Лесовичок задумчиво теребил ухо.
– Вот оно как: сияние, синева... А для чего они – сияние и синева? Сыт ими не будешь...
Вот у птиц, у зверей, насекомышей и управляет глазами живот. Потому-то, видать, их и называют – животные...
ЖАДНАЯ СОЙКА
Зимой самая добычливая охота с фоторужьём – у жилья. «Добыл» я тут и сороку, и ворону, и галку. Но никак не давалась мне сойка. И не потому, что очень уж осторожна: осторожна и пуглива она в лесу – что правда, то правда. А у жилья она куда глупее сорок, ворон и галок. Эти к человеку весь год приглядываются, доверяют только тем, кто внимания на них не обращает. А сойка – вольная птица. У жилья только зимой и потому не знает всех человеческих хитростей.
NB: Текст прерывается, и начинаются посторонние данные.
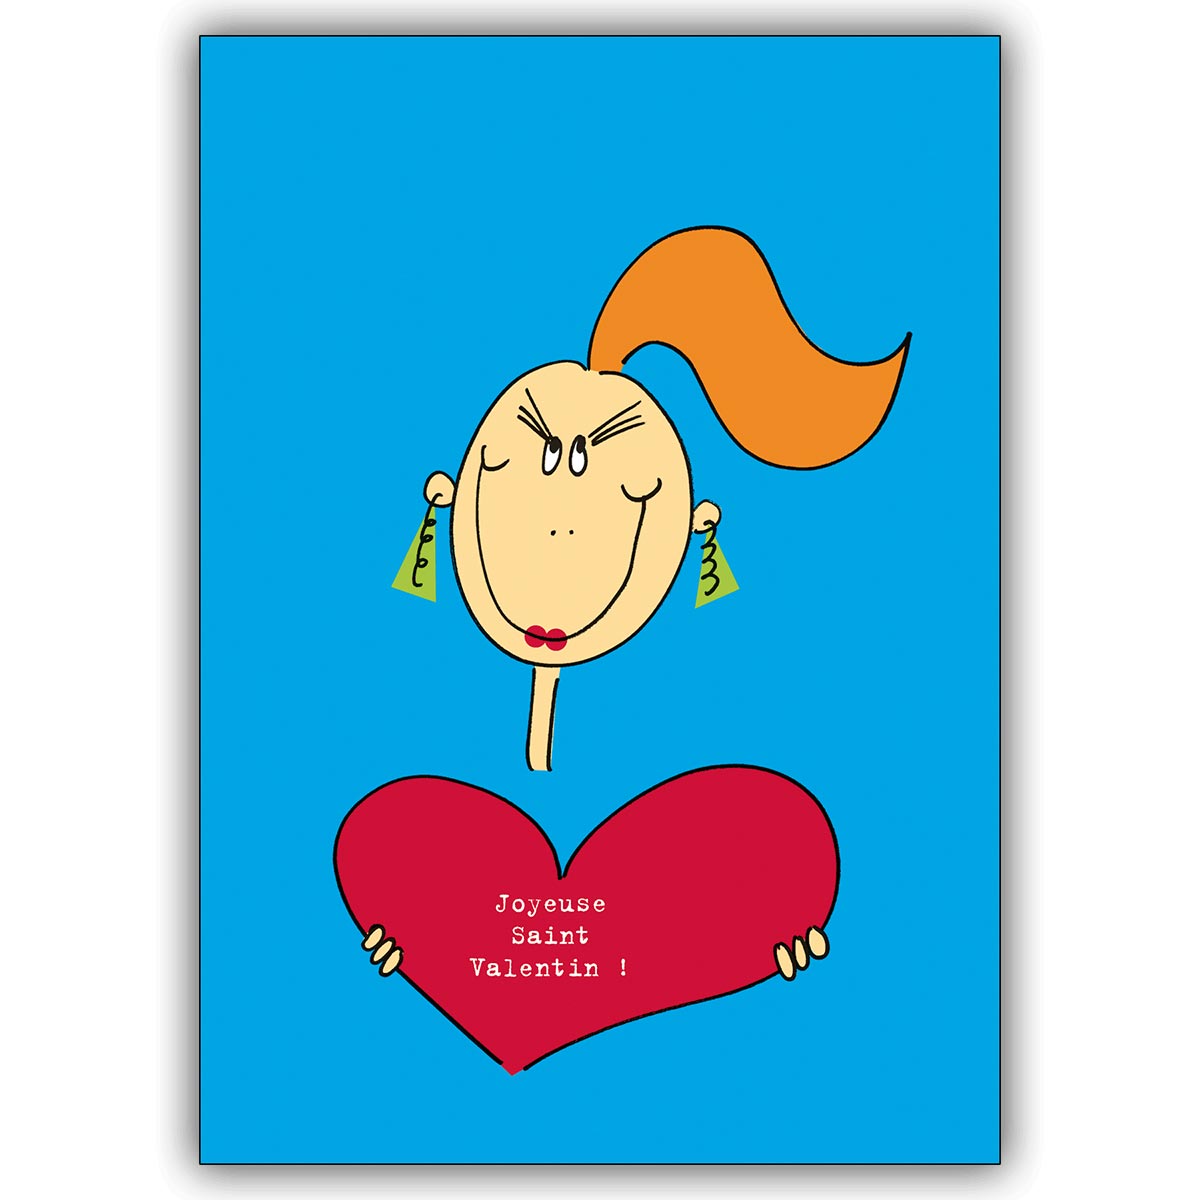 Französische Liebeskarte mit Frau und großem Herz: Joyeuse Saint Valentin!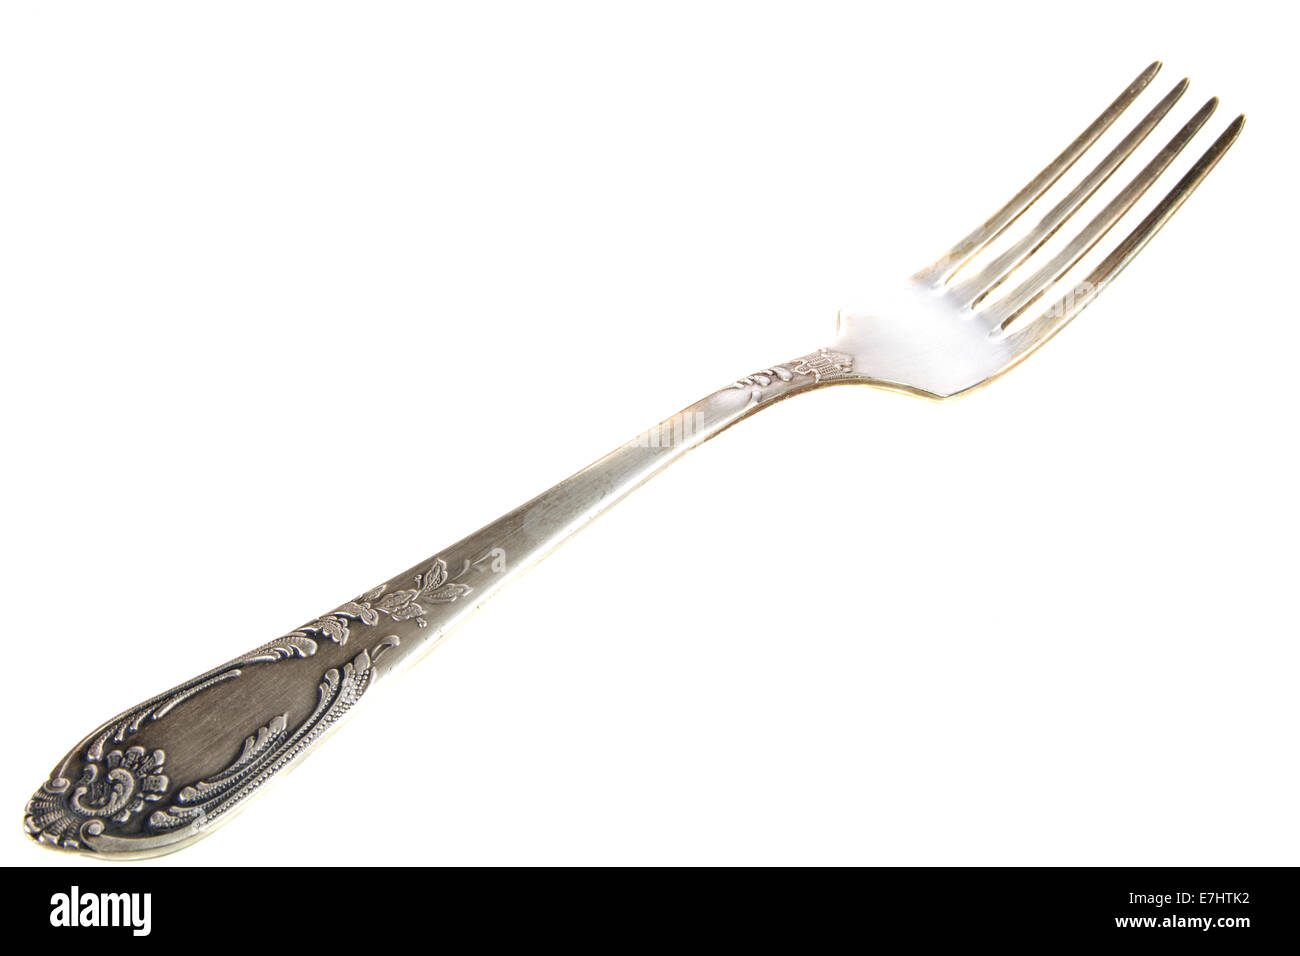 Old silver fork avec ornements sur fond blanc isolé Banque D'Images

На прикормку сойка летит доверчиво и жадно. Но из-за этой-то жадности и трудно ее снять. Вдруг появится, стукнет коготками жесткими по деревянной доске, кинется к куску, взмахнёт широкими крыльями – и уже в воздухе. Спрячет кусок в лесу – за вторым летит. Опять стук коготков, быстрый взмах крыльев – в глазах рябит: рыжее, белое, чёрное! От леса к дому, от дома к лесу, кусок за куском, туда-сюда – ни навести не успеть, ни снять.
И вдруг – удача! Помогла та самая соечья жадность, которая до сих пор так мешала. Жадность и... три картошки.
Положил я на стол картошки: одна другой меньше. Сам залез под ШАПКУ. Вот стук коготков, быстрый взмах крыльев: сойка хватает крайнюю маленькую картошку. Схватила, выпрямилась – сейчас улетит! Но – чудо! – сойка не улетела, сойка растерялась! Сойку одолела жадность: она бросила маленькую картошку, схватила побольше. А рядом-то лежит ещё больше! Бросает среднюю и хватает самую большую. Теперь скорей в лес. Но жадность, жадность! Сойка склоняет шею, ёрзает клювом по доскам, исхитряется прихватить к большой картошине ещё и маленькую. И я успеваю её снять.
Теперь-то я знаю, что делать!
С помощью разных картошин я стану командовать жадной сойкой как захочу. И даже не разных, а двух одинаковых. Да, да, совсем одинаковых, только обязательно двух!
На столе две одинаковые картошки. Стук коготков – и сойка хватает одну. Но кажется завистливому глазу, что рядом больше кусок. Отброшена первая, в клюве вторая.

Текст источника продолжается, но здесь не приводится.